The dispersion interaction significantly affects deprotonation at position III of the keto–tautomer, whereas other sites—both in the keto-form, and at positions I, II, and III in the enol form—exhibit only minor sensitivity to dispersion. This suggests that thermodynamic descriptors associated with these sites are only marginally influenced by dispersion effects, which can therefore be reasonably neglected in practical calculations. However, dispersion cannot be ignored when computing the total electronic energy, as its inclusion results in a remarkable energy diminishing, thereby indicating a stabilizing effect on the curcumin molecule. In the limiting case, dispersion may equalize the total energies of the keto and enol forms in the aqueous phase, thereby challenging the prevailing view that the enol form is more stable than the ketone one. The influence of dispersion on the global chemical reactivity descriptors of curcumin is also minimal. In contrast, solvent polarity plays a significant role: the reactivity of curcumin increases with the dielectric constant of the surrounding medium. This observation suggests that the optimal environment for curcumin’s bioactivity is a solvent mixture—such as water/ethanol—where water promotes activation, while ethanol facilitates solubility, a sine qua non condition for initiating its chemical activity and biological functions.
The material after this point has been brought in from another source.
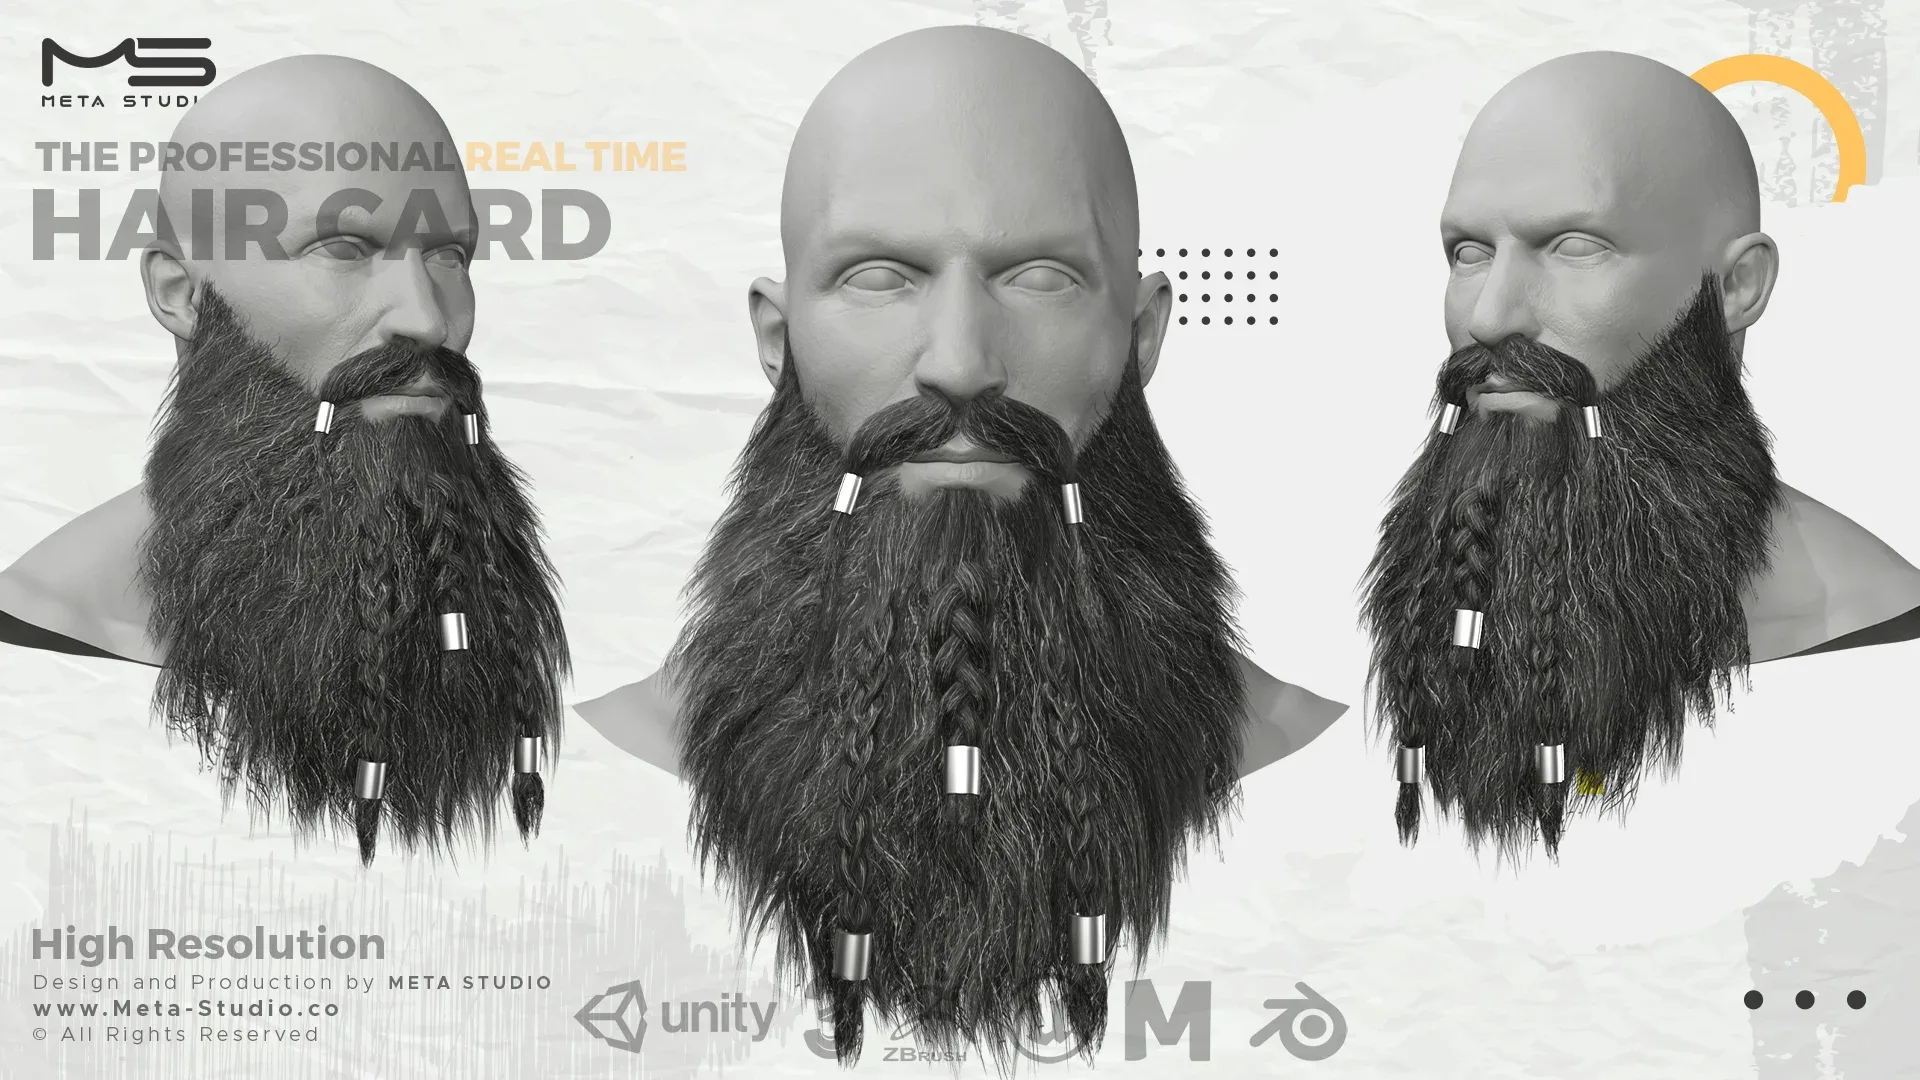 Beard and Mustache Part 2 - Professional Realtime Hair card

The proposed mixed mechanism of radical deactivation serves as an important guideline for designing new curcumin analogs [
17,
18,
23,
26,
33,
84], which should exhibit at least comparable activity in this respect to the parent compound. For this purpose, strategies that modify the base structure—successfully applied to compounds other than curcumin—can be employed [
85,
86]. Currently, research is being conducted on novel di-curcuminoid derivatives characterized by enhanced efficiency in free radical scavenging and based on the multi-step deactivation mechanism. The results of these studies will be published shortly.